One of the leading thinkers in the transport planning world, Jarrett Walker, says,
“The word “Metro” is meant to refer to the high-frequency, high-capacity rail transit, usually underground, that laces the dense cores of those cities”[16].
So, I am not sure there is a single unambiguous definition of a Metro.
For me, Metro is about, primarily, urban transportation using frequent rail (HR or LR) and/or prioritised/segregated bus services. When I first started trying to articulate what I thought Metro was, I included integration between modes and services as was the case in Newcastle in the earlier 1980s[17].
2.4 Is Newcastle the best example of a UK Metro?

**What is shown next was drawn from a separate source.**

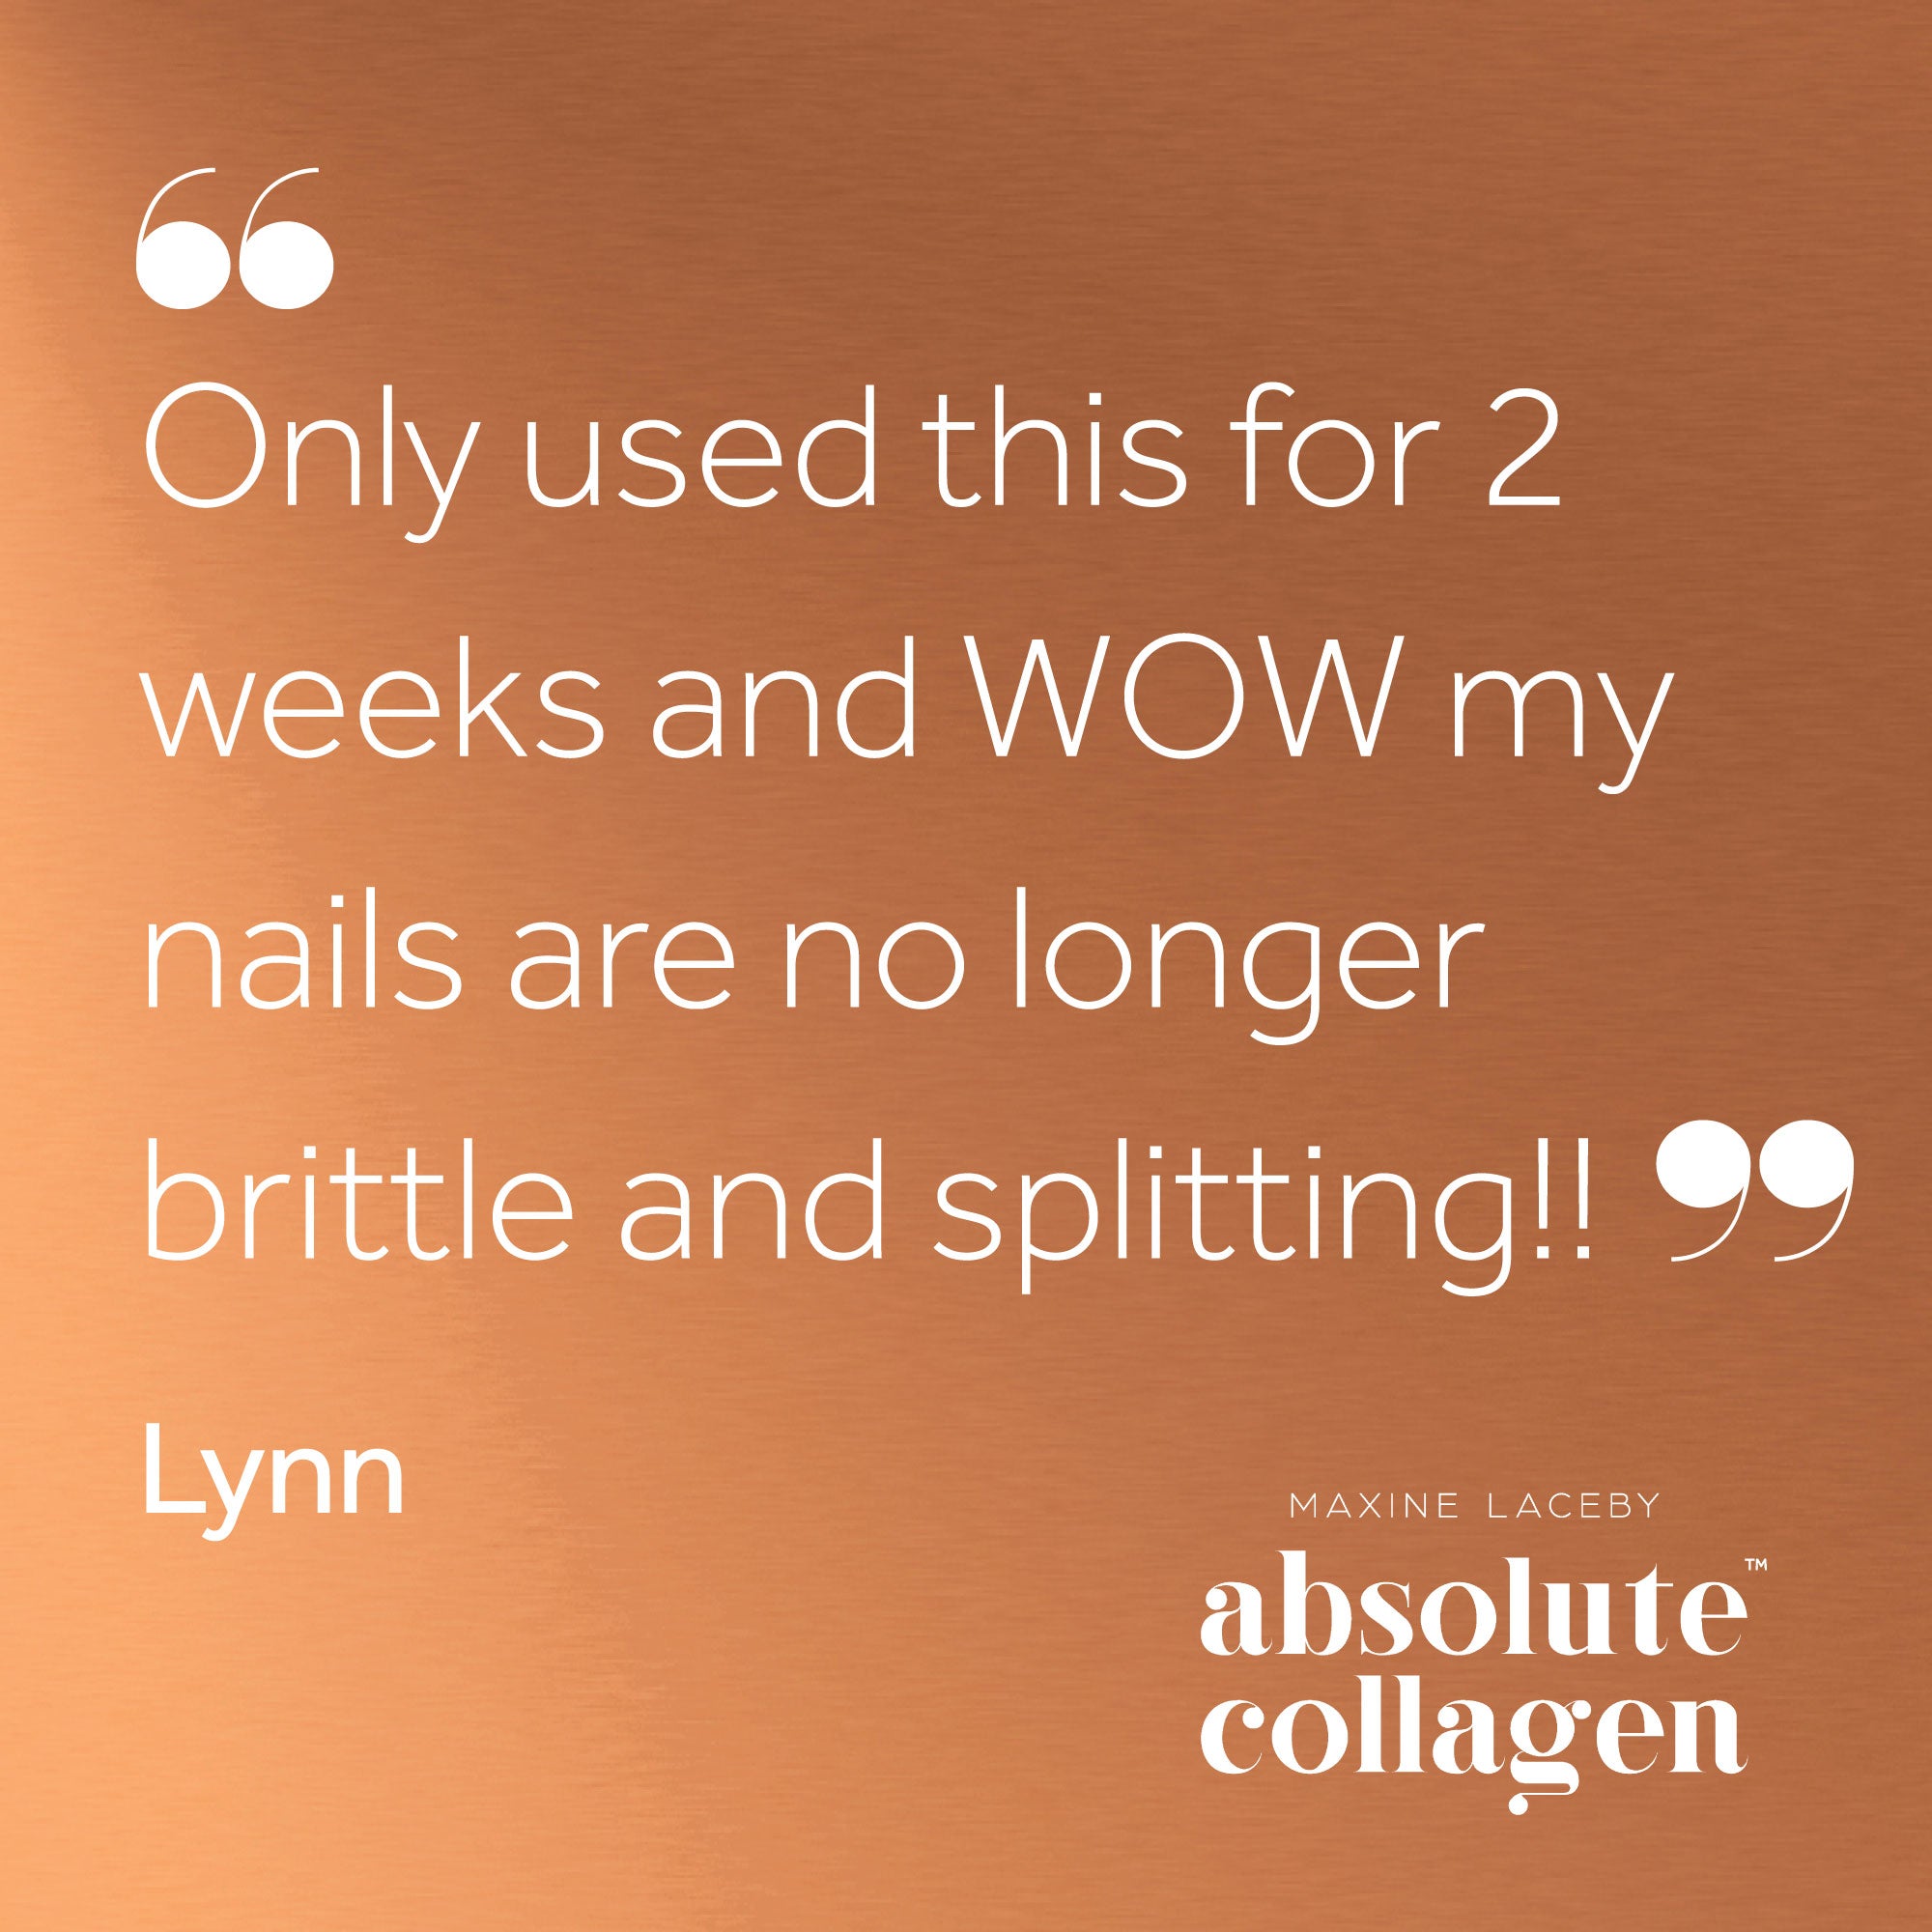 Quote from Lynn describing how Absolute Collagen helped her nails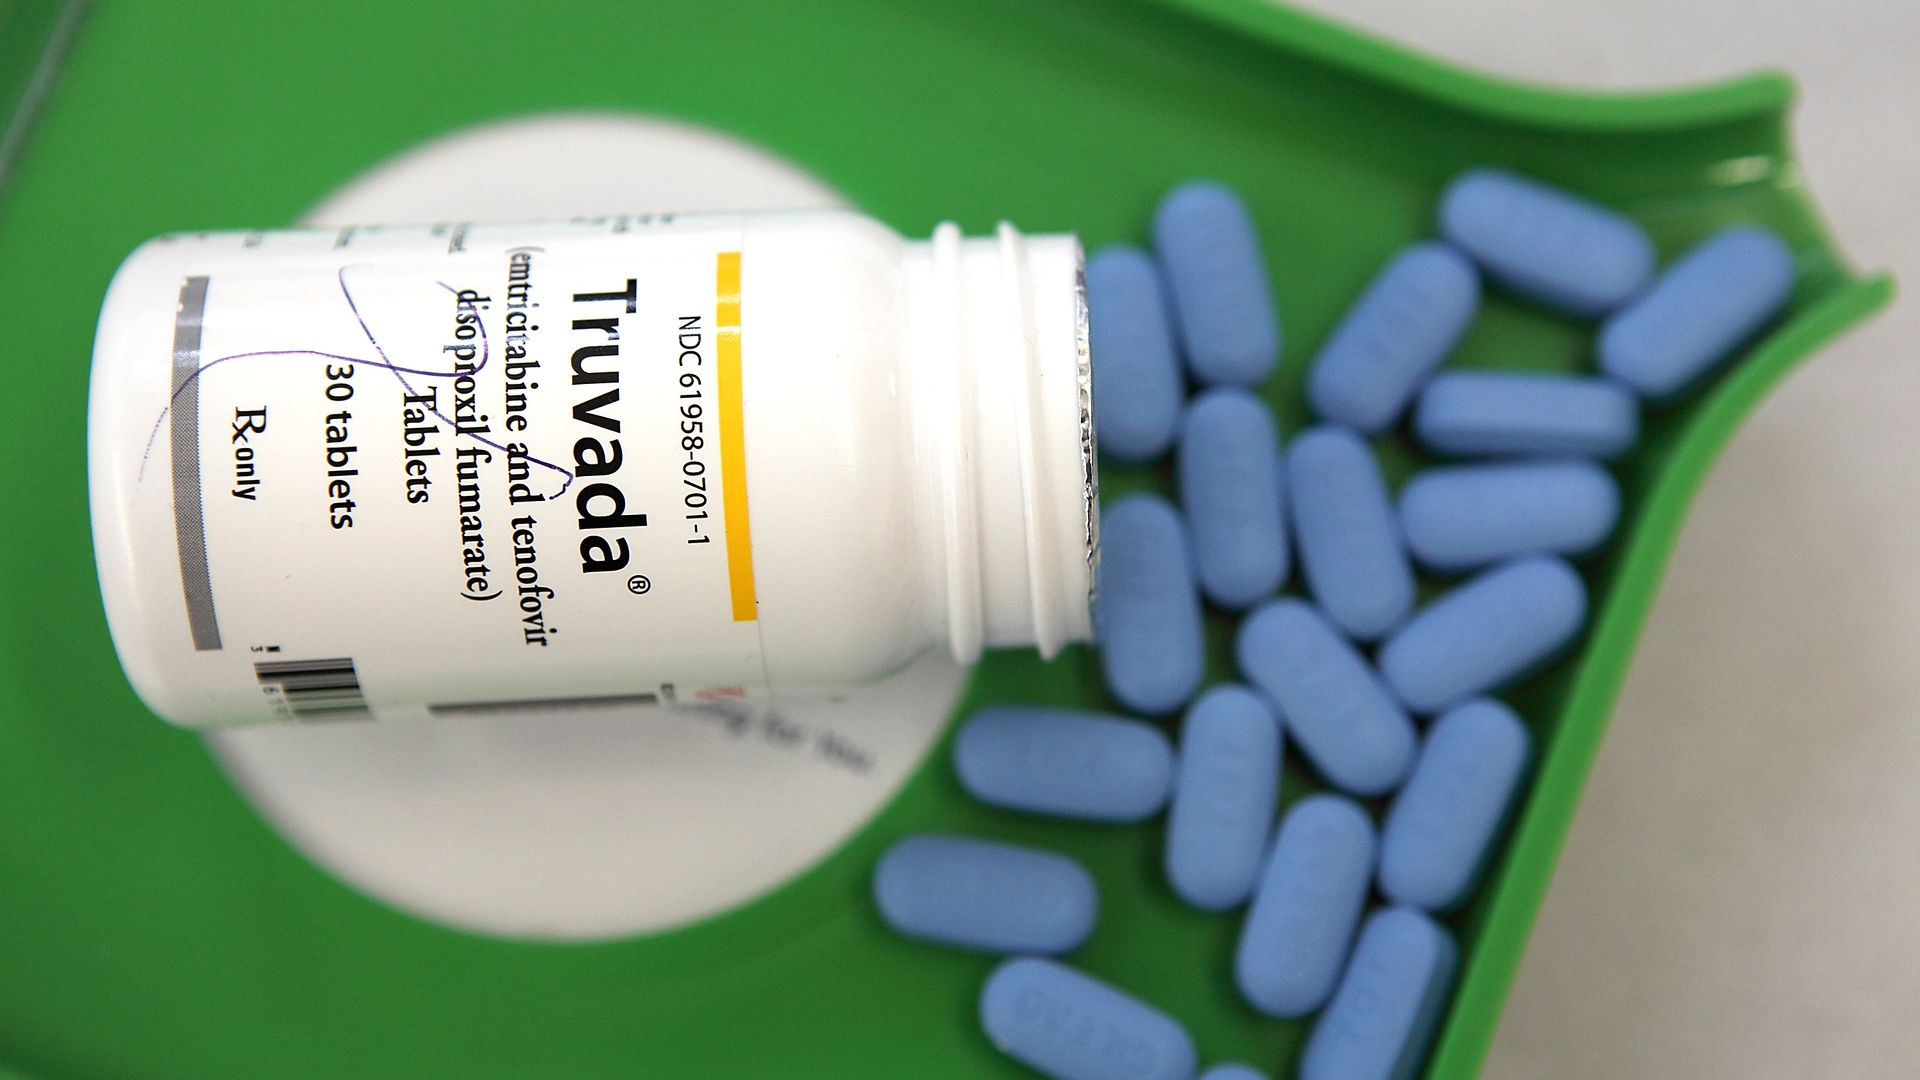 In this image, blue pills spill out of a Truvada pill bottle and onto a green pharmaceutical counting tray.

In cogitating the shape and scope of “our” Metro in Cardiff and the wider region, we may benefit by looking back at what Newcastle achieved with its integrated rail and bus Metro opened in 1980 (in the period before bus deregulation was initiated in the late 1980s)[18]. This perhaps provides the best comparator for us in the wider Cardiff Capital region given both regions have broadly similar economic and socio-economic characteristics[19] and both were heavily influenced by the growth and decline of the coal industry.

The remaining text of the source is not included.